Mehr Wohnungen in der Wasserstadt? Politik ist skeptisch
Hannovers Bauverwaltung hält eine dichtere Bebauung des Wohngebiets in Limmer für denkbar, um den Wohnungsmangel zu lindern und Investoren zufriedenzustellen. In der Ratsmehrheit aber gibt es Vorbehalte – und wenig Willen, ein Wahlversprechen zu brechen.21.
September 2021
Der Vorstoß des Baudezernats, entgegen einem deutlichen Versprechen des Rates jetzt doch über eine mögliche Ausweitung des Wohnungsbaus in der Wasserstadt Limmer nachzudenken, hat am Dienstag ein unterschiedliches Echo ausgelöst. „Das war nicht schlau: Die Verwaltung hätte erst das Gespräch mit der Politik suchen müssen“, sagt Daniel Gardemin (Grüne). SPD-Fraktionschef Lars Kelich sagt zwar: „Wir sind offen für Vorschläge, wie mehr bezahlbarer Wohnraum geschaffen werden kann in Hannover.“ Aber er sagt auch: „Der Ratsbeschluss steht.“
Der Ratsbeschluss: Der hat 2015 festgelegt, dass in dem malerischen Neubaugebiet zwischen Kanälen in Limmer eine Maximalgrenze von 1800 Wohnungen gelten soll. Er wurde nach heftigen Auseinandersetzungen gefällt um die Dichte der Bebauung in dem künftigen Wohnquartier, um die Verträglichkeit des Verkehrs und Integration der neuen Siedlung in den Charakter des alten Limmer. Ausgehandelt wurde der Beschluss unter dem damaligen Baudezernenten Uwe Bodemann.
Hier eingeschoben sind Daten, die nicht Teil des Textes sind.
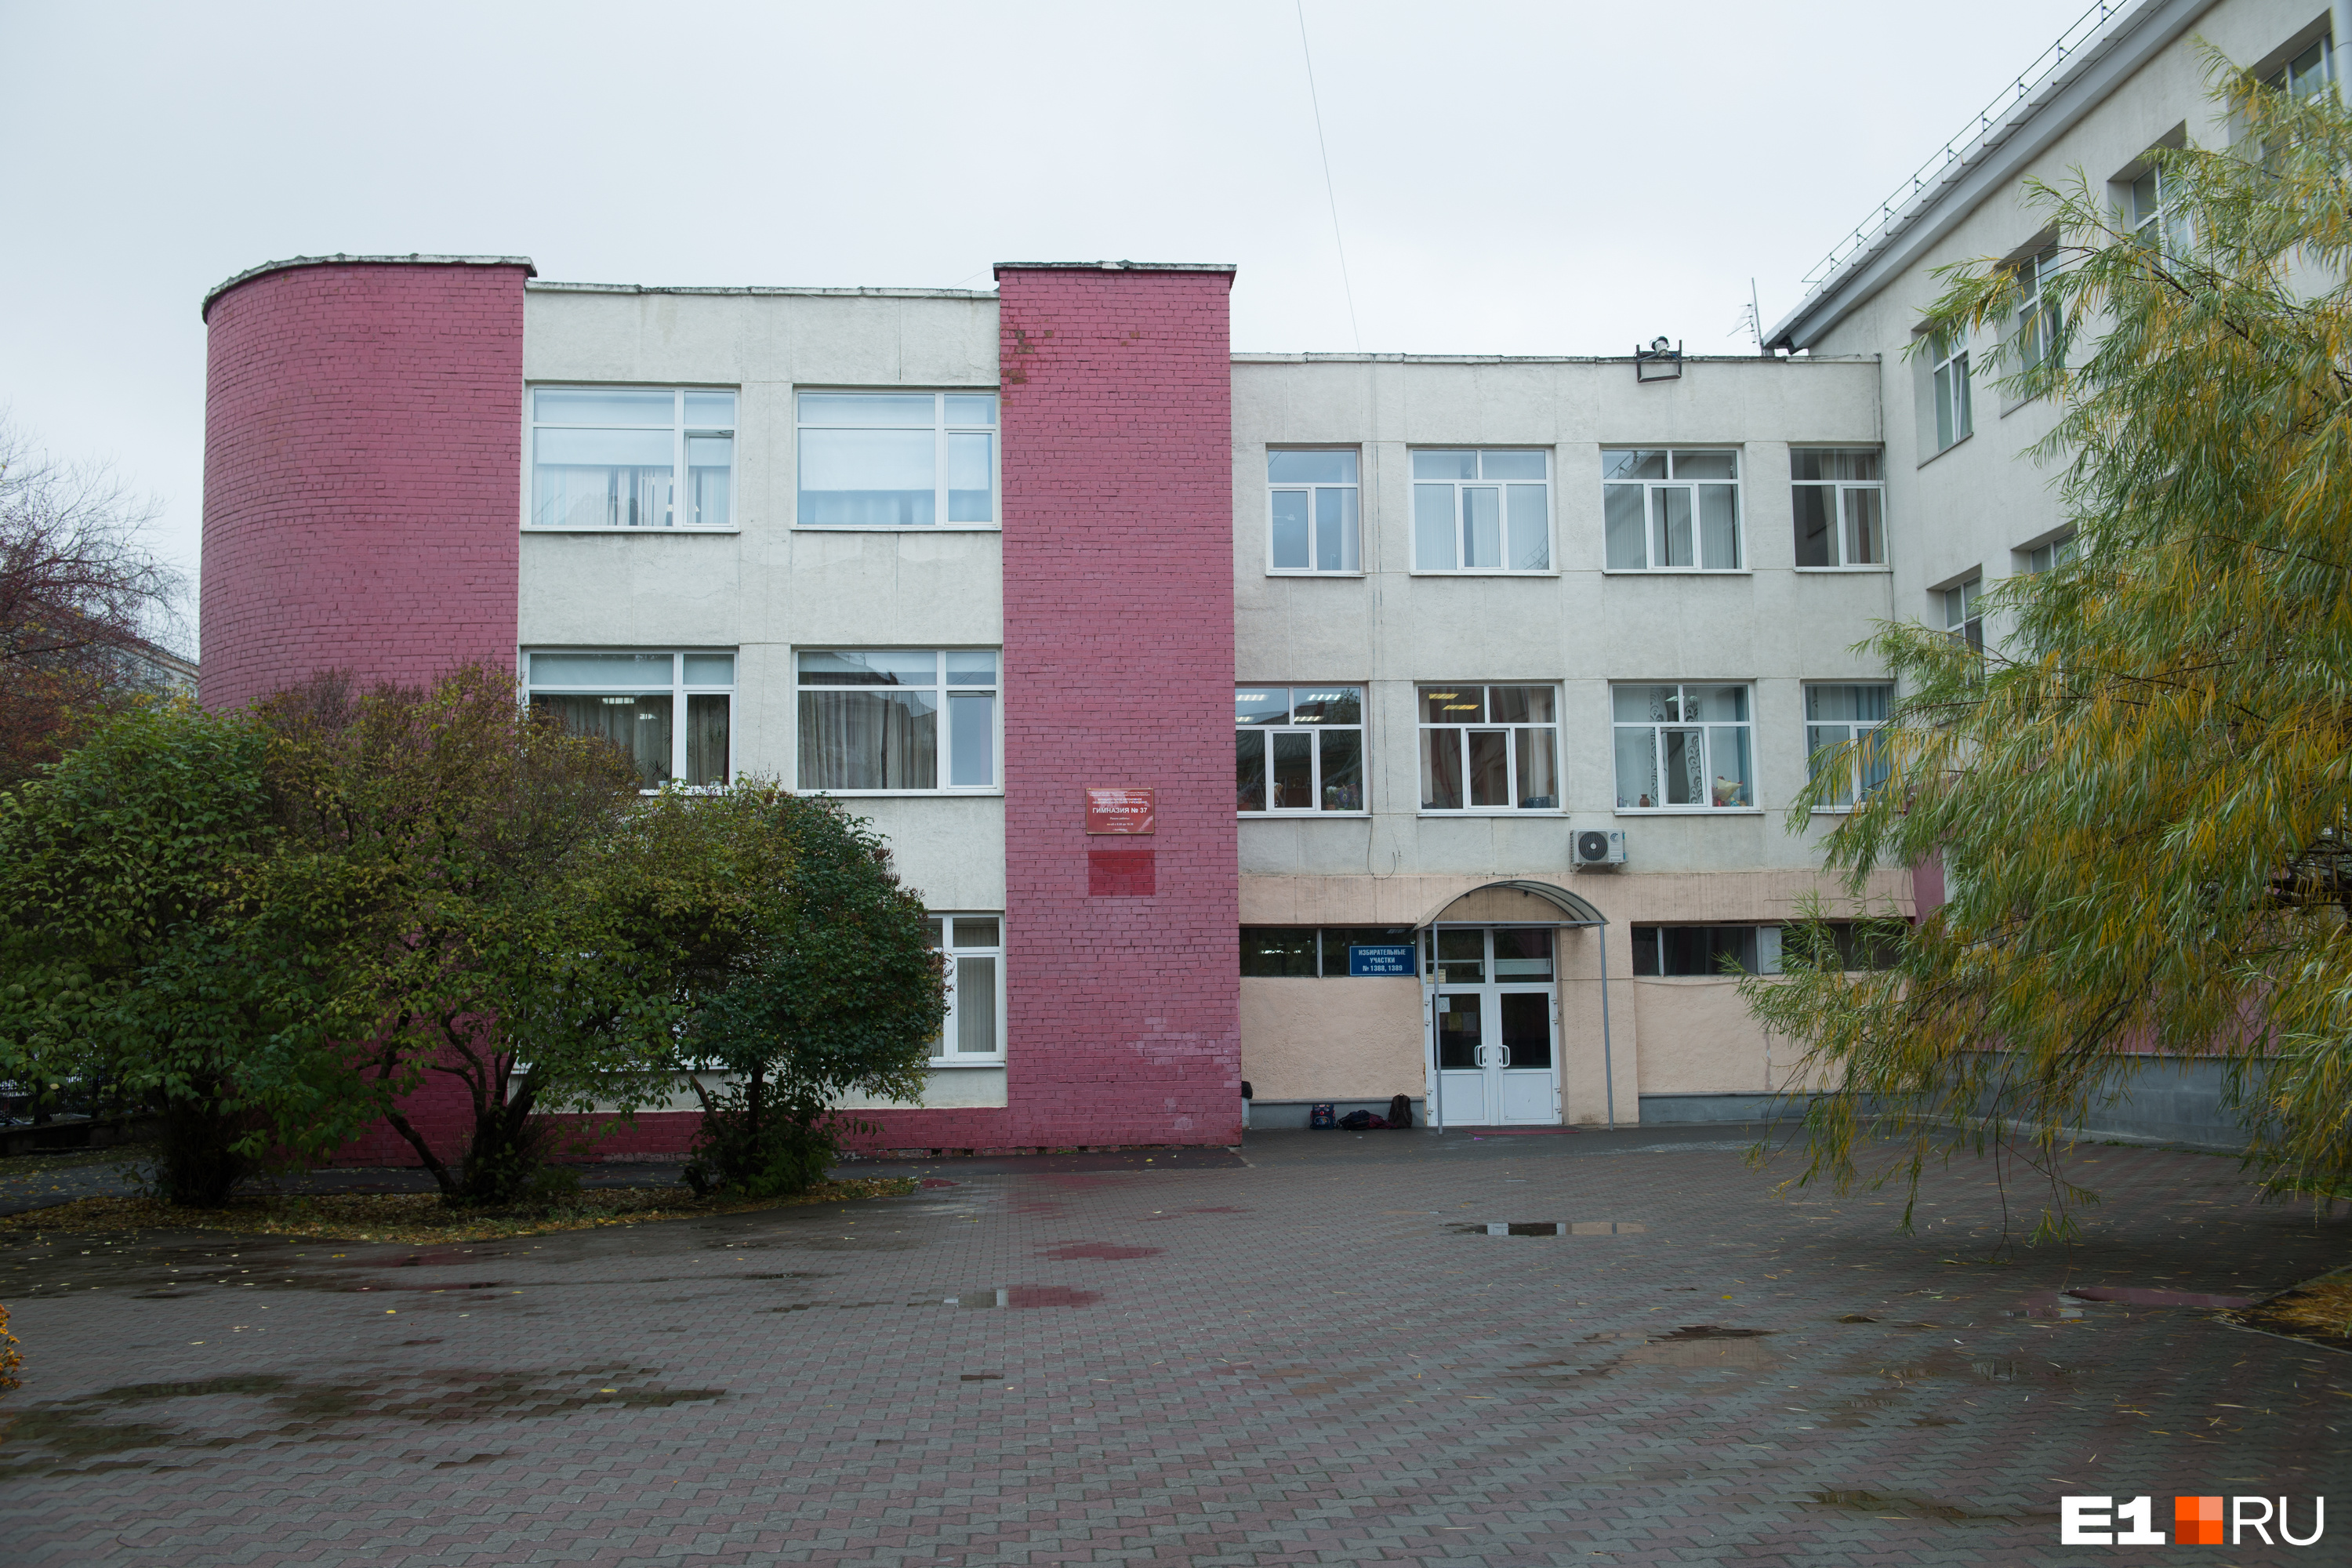 57 Школа Екатеринбург. Школа 24 Екатеринбург. 99 Школа Екатеринбург. Екатеринбургская школа 3. Школа 57 екатеринбург
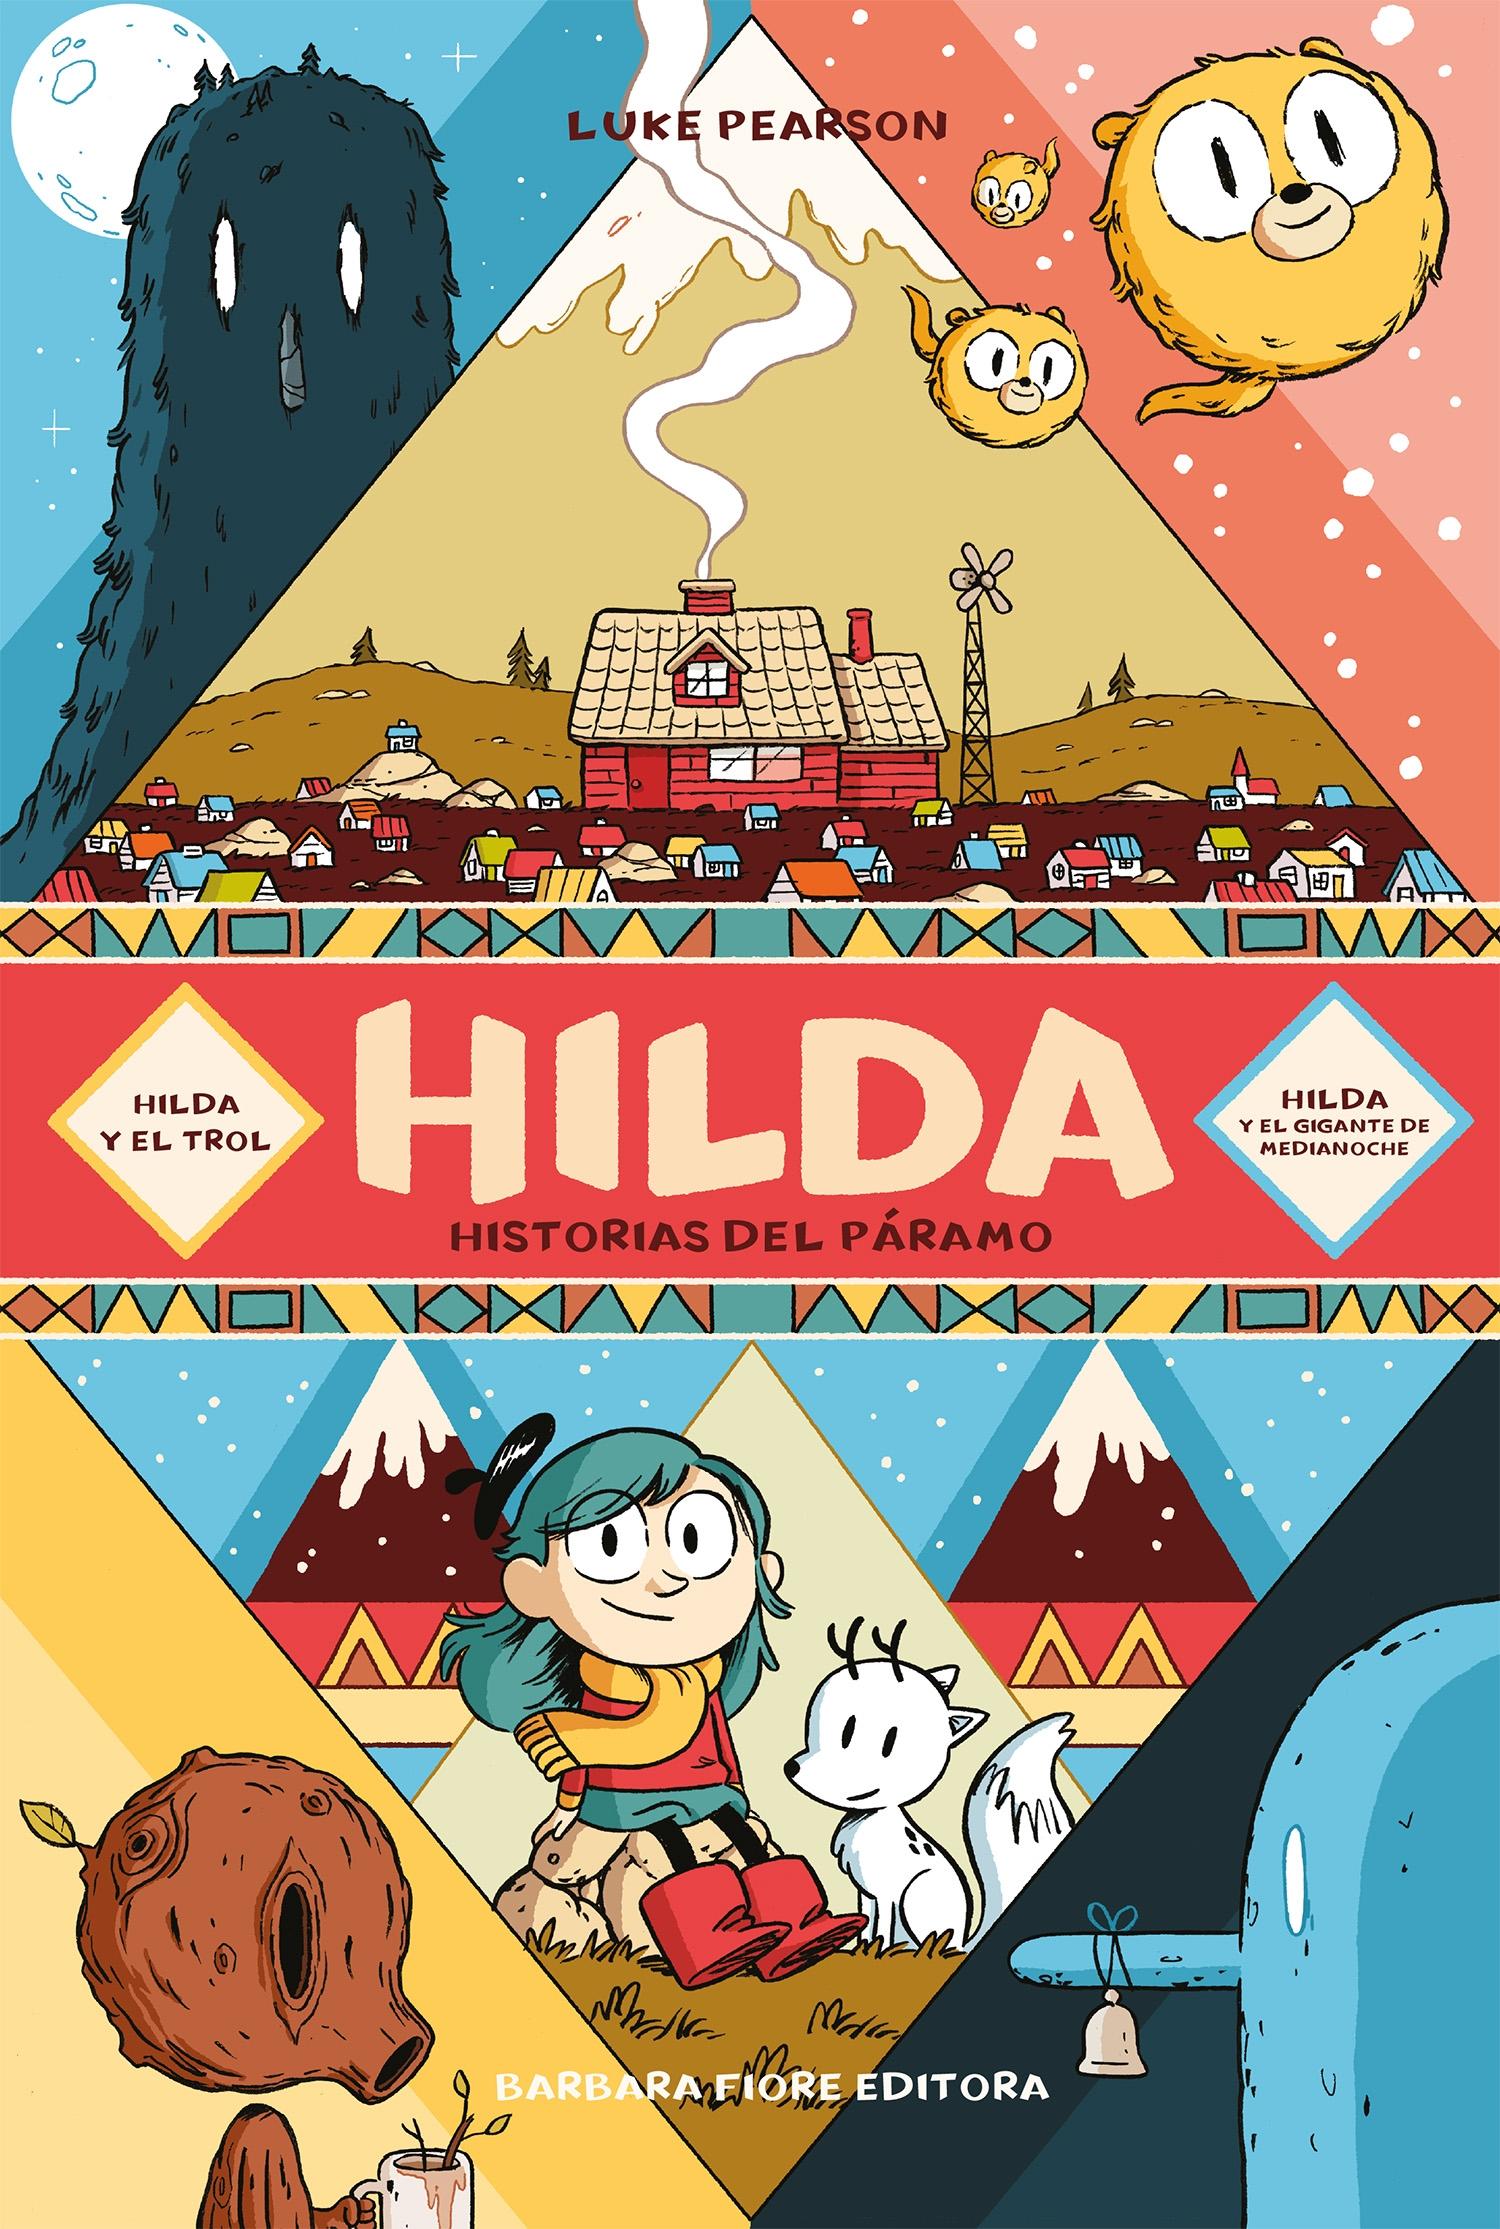 Hilda. Historias del Páramo "Hilda y el Trol | Hilda y el Gigante de Media Noche".

Sein Nachfolger Thomas Vielhaber (SPD) aber hat jetzt drei Probleme. Zum einen soll er das Tempo im Wohnungsbau erheblich steigern, damit mehr Menschen schneller eine Wohnung finden. Zum anderen soll er mehr preiswerten Wohnungsbau ermöglichen, damit mehr Menschen eine Wohnung auch bezahlen können. Und zum dritten sind dem Wasserstadt-Unternehmer Günter Papenburg die Partner aus dem ersten Bauabschnitt abgesprungen. Und die neuen Investorenpartner für den zweiten, größeren Bauabschnitt sagen, dass sie Wohnungen nur dann preiswerter anbieten können, wenn etwa 40.000 Quadratmeter Bruttogeschossfläche mehr gebaut werde. Das bedeutet: 230.000 statt 190.000 Quadratmeter und damit etwa 2200 statt 1800 Wohnungen.
„1800 waren schon ein Kompromiss“
„Die 1800 waren schon ein Kompromiss“, sagt Grünen-Baupolitiker Gardemin: „Ursprünglich waren in der Wasserstadt 500 bis 600 Einfamilienhäuser geplant.“ Er sehe nicht, wieso man den Anwohnern aus Limmer zumute sollte, diesen Kompromiss erneut aufzuschnüren. Vor allem, da noch nicht einmal die Verkehrsprobleme im Stadtteil gelöst seien. Autos und Lkw quälten sich über die Bundesstraße 441 an der Wasserstadt vorbei, ein Stadtbahnanschluss sei nicht in Sicht. „Ich glaube nicht, dass der Wasserstadt mehr Wohnungen gut tun werden – dort wird jetzt schon dichter gebaut als am Kronsberg“, sagt Gardemin.
SPD-Mann Kelich will den Investoren wenigstens eine Chance geben. „Ich finde es in Ordnung, wenn sich Papenburgs neue Projektpartner Gedanken machen, wie sie die Bezahlbarkeit von Wohnraum sicherstellen wollen.“ Wenn sie es mit seriellem Bauen hinbekämen, Neubauwohnungen auch im Segment um 10 Euro zu erstellen, dann „sollen sie das zumindest vorstellen können“. Vieles, was als Problem benannt werde, gelte ohnehin nicht mehr. „Der Verkehr auf der Wunstorfer Straße hat deutlich abgenommen, das ist messbar“, sagt Kelich.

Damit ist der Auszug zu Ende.